# Lake Seminole



## dirtnap10 (Aug 15, 2010)

Advice for lake seminole?


----------



## Gaducker (Aug 15, 2010)

dirtnap10 said:


> Advice for lake seminole?



Its the bomb, Make sure you dont miss opening day.


----------



## Ole Fuzzy (Aug 15, 2010)

Gaducker said:


> Its the bomb, Make sure you dont miss opening day.



That ain't right.  The moderators should assign a dunce point to you for that.


----------



## blackduck (Aug 15, 2010)

Watch out for stumps


----------



## earl2229 (Aug 15, 2010)

like black duck said watch out for stumps and stumpy guides also.


----------



## kingfish (Aug 15, 2010)

Midseason, mid week, mid day.  This was on the Florida side.


----------



## S_GA_Boy2008 (Aug 15, 2010)

seminole state park=TONS OF GEESE!!!


----------



## GADAWGS (Aug 15, 2010)

dirtnap10 said:


> Advice for lake seminole?



My best advice is DRIVE northwest!!!! Seminole was good many years ago, but on a serious note, you need to spend a lot of time in the boat riding around and scouting.


----------



## duckhunter2010 (Aug 16, 2010)

watch out for gators!


----------



## Gaducker (Aug 16, 2010)

Ole Fuzzy said:


> That ain't right.  The moderators should assign a dunce point to you for that.



I dont get it????    Havent been down there in 10 years but it used to be decent.   As long as theres no folks piling into west point on opener I will be happy


----------



## florida boy (Aug 18, 2010)

We scout it from an airplane every year and after the ducks get scouted from boats hard for a week or two they stack up in the backwater holes . I havent seen enough of a concentration of birds for me to fight the crowds in the last 3 years .  I remember the day when it was against my religion to raise my gun on a diver the first couple days of the season . We had a couple of widgeon holes that would hold a good number of birds .


----------



## Core Lokt (Aug 18, 2010)

FB- Who do you fly with to scout?


----------



## S_GA_Boy2008 (Aug 18, 2010)

If ya ever need a copilot I'd love to go.

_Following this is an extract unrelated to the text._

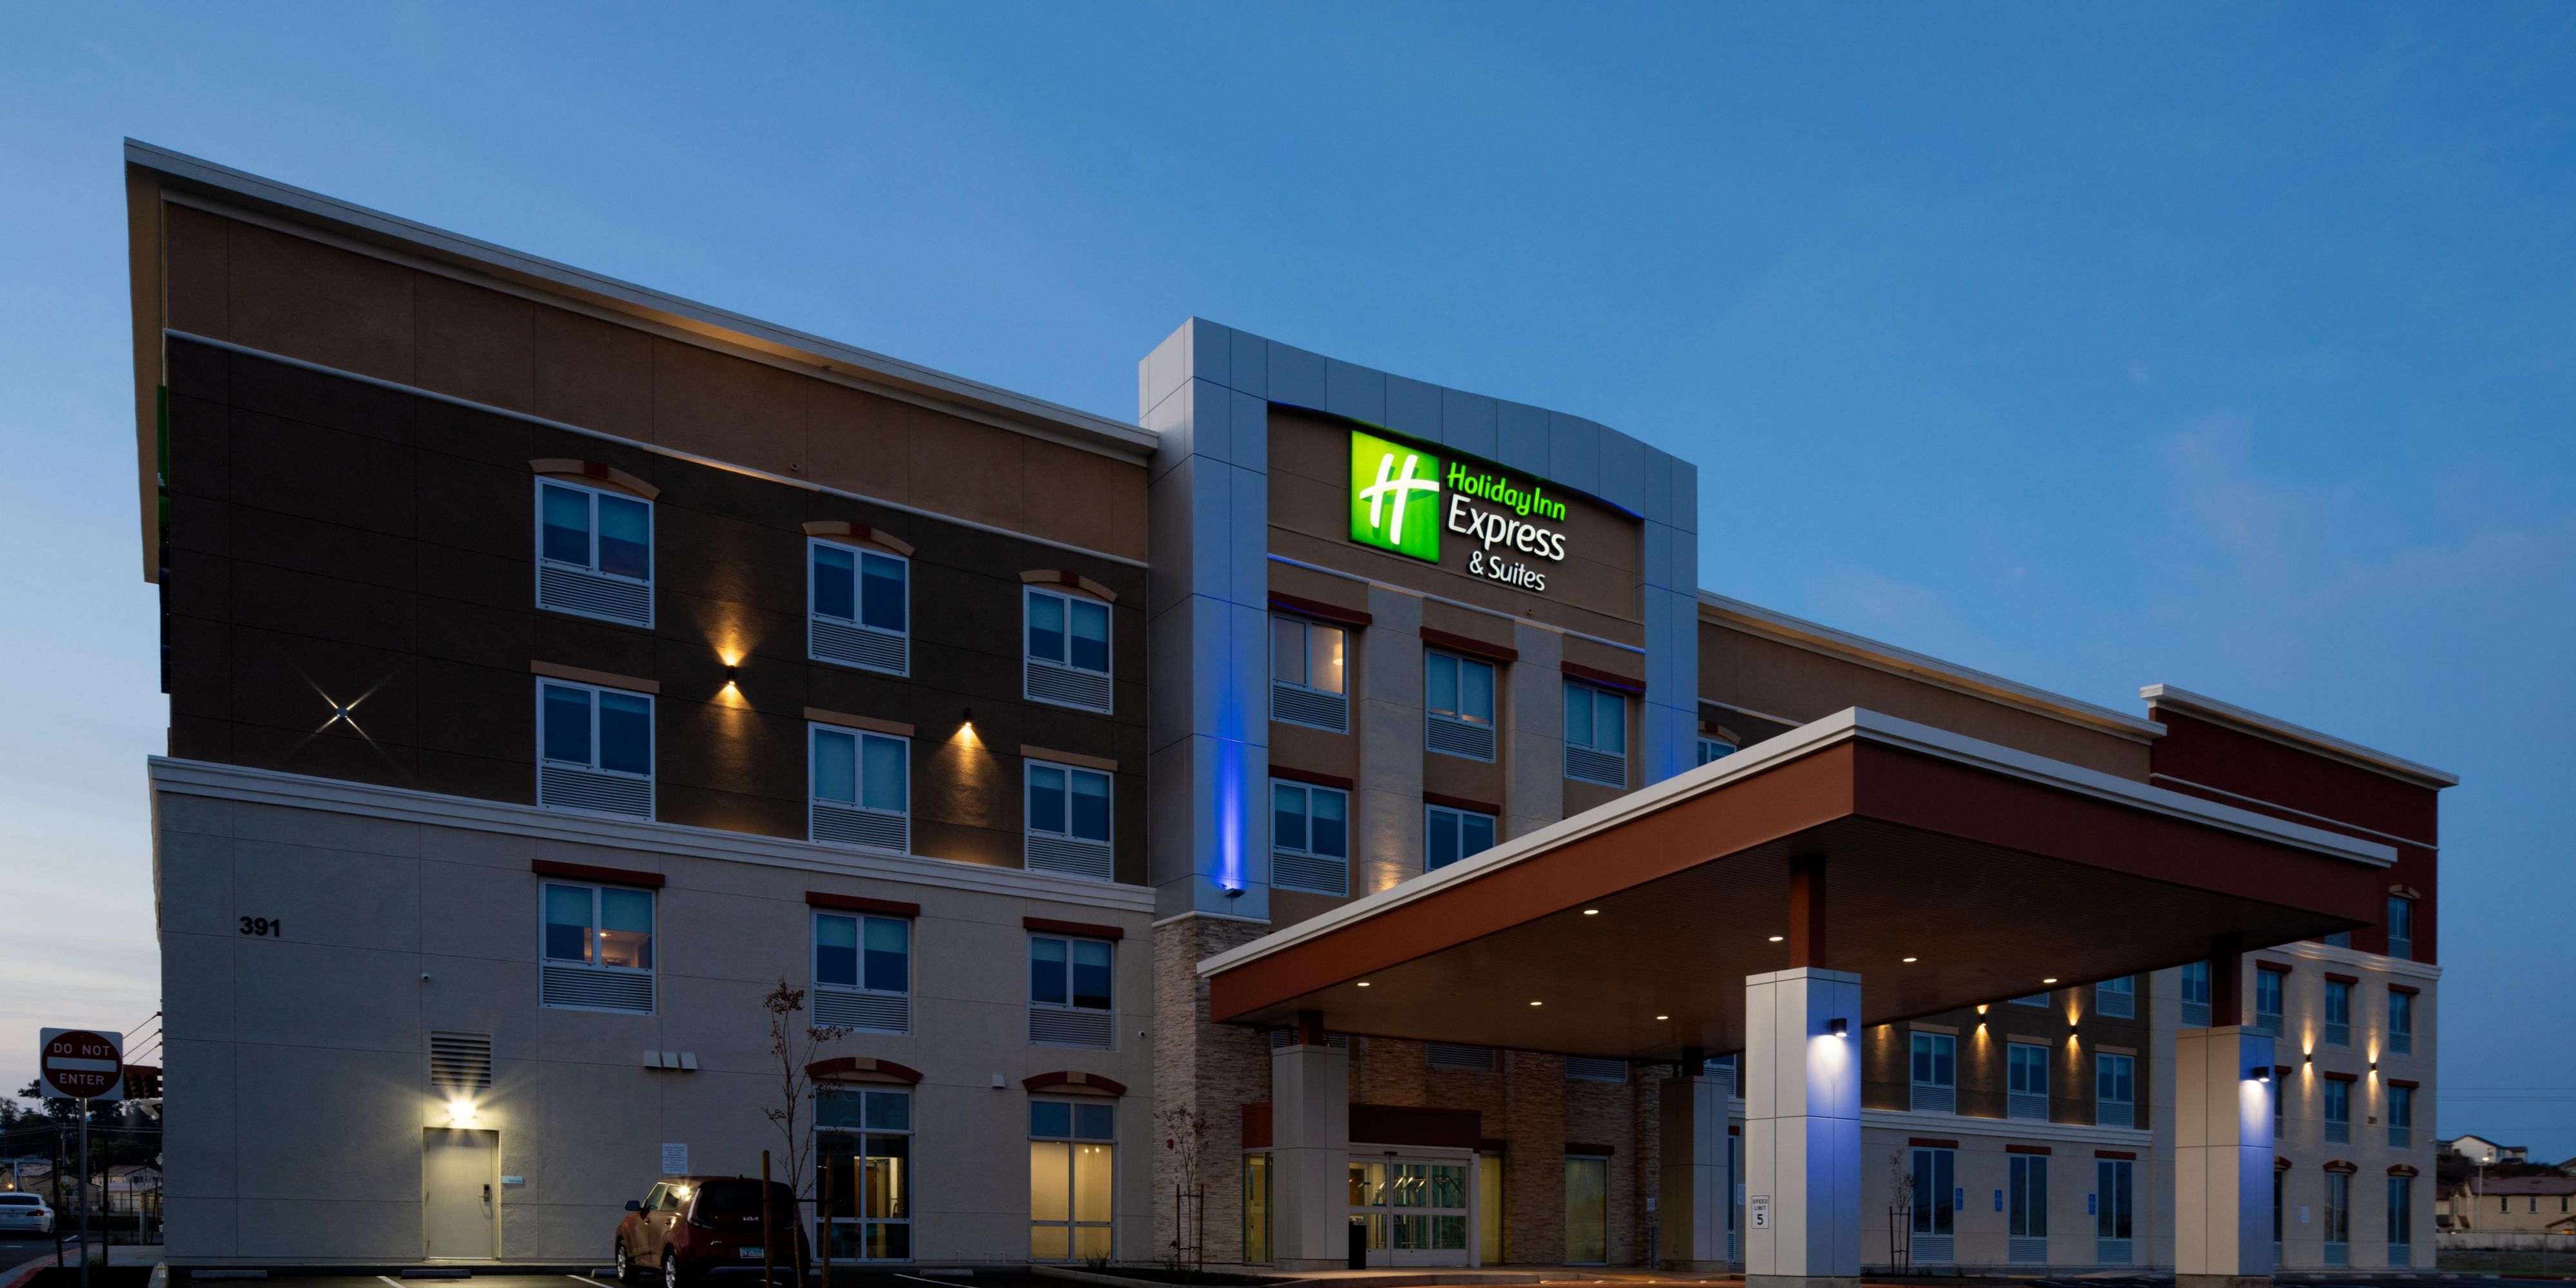 Holiday Inn Express & Suites Hollister - Hollister, United States

I only get to use Google Earth haha


----------



## pintail30635 (Aug 18, 2010)

Friends of mine went down last year for four days scouted and only seen two groups of ringnecks they said the crowds were awfull,all the boats were running up the same two groups,also my two cents dont take your dog because of gators,me im going west to ark,good luck were ever you go


----------



## florida boy (Aug 18, 2010)

Core Lokt said:


> FB- Who do you fly with to scout?



We have our own . We can go up and scout Jackson, Carr, Iamonia , Talquin, and Seminole in on trip . I cannot say much because I own one myself but the " Go devil " has ruined duck hunting . Nothing is sacred anymore . I usally dont fool with the big lakes unless the water is down .


----------



## Core Lokt (Aug 19, 2010)

10-4


----------



## MudDucker (Aug 19, 2010)

dirtnap10 said:


> Advice for lake seminole?



Try Lake Juliet instead.


----------



## Swamp Star (Aug 19, 2010)

^^^HAHA thats funny right there^^^


----------



## Larry Young Jr (Aug 20, 2010)

Hey, if you haven't been to seminole before you need to go now. That lake is not for beginers it is very dangerous. It is very big and long. If you get bad weather and High winds it can deadly. I haven't ever duck hunted it. But I fished it alot. I have been all over the lake. You don't want to be on the big water and in the rivers when the wind gets up over 20 mph. In less you are in a very big boat. Stay in the channel markers when running and idle when you are in question. You need to find the different ramps to put you near where you want to hunt. There is gators,stumps, trees and alot of them. Have gps because the grass is tall and when you are running in the back areas you can get loss. Seminole is a awesome lake and alot of fun, just do your homework and besafe. There is alot of people that go there every year and have good hunt. If anything just go and see the lake, it is a speical place. Hey take your fishing pole. If no ducks, go fishing. Good luck and be safe.
Larry


----------



## waddler (Aug 22, 2010)

pintail30635 said:


> Friends of mine went down last year for four days scouted and only seen two groups of ringnecks they said the crowds were awfull,all the boats were running up the same two groups,also my two cents dont take your dog because of gators,me im going west to ark,good luck were ever you go



What part of Arkansas do you hunt?


----------



## mselman (Aug 29, 2010)

Earl2229 had a stumpy guide...ask for pics from his first time to Seminole.............


----------



## MudDucker (Aug 29, 2010)

I was there yesterday.  The ducks blacked the sky when we ran through slough after slough.  Oh wait a minute, I forgot, I left my glasses in my truck and someone pointed out to me that those were rain clouds.

BTW, I hear a certain stumpy guide is gonna sue me for exposing him.


----------



## GeorgiaCans (Sep 2, 2010)

Unless you have 300 decoys to put out, dont waste your time! Birds are a mile high and wont decoy! Same your money, go to juliette


----------



## earl2229 (Sep 2, 2010)

mselman -i heard its a heck of a place to hunt fox squirrels?


----------



## GAMHUNTER35 (Sep 9, 2010)

well i hav had good luck on ringers  just hav to scout an be prepared to hunt all day. during the week is the best


----------



## pintail30635 (Sep 24, 2010)

waddler said:


> What part of Arkansas do you hunt?



We hunt at jonesboro an down at fesenthal we will be at felsenthal opening weekend till thanksgiving


----------



## Jaker (Sep 25, 2010)

earl2229 said:


> mselman -i heard its a heck of a place to hunt fox squirrels?




lets hear your side of the story on Aaron Crews, I've heard his....


----------



## earl2229 (Sep 26, 2010)

he told us that he is the best guide there is.


----------



## Jaker (Sep 26, 2010)

earl2229 said:


> he told us that he is the best guide there is.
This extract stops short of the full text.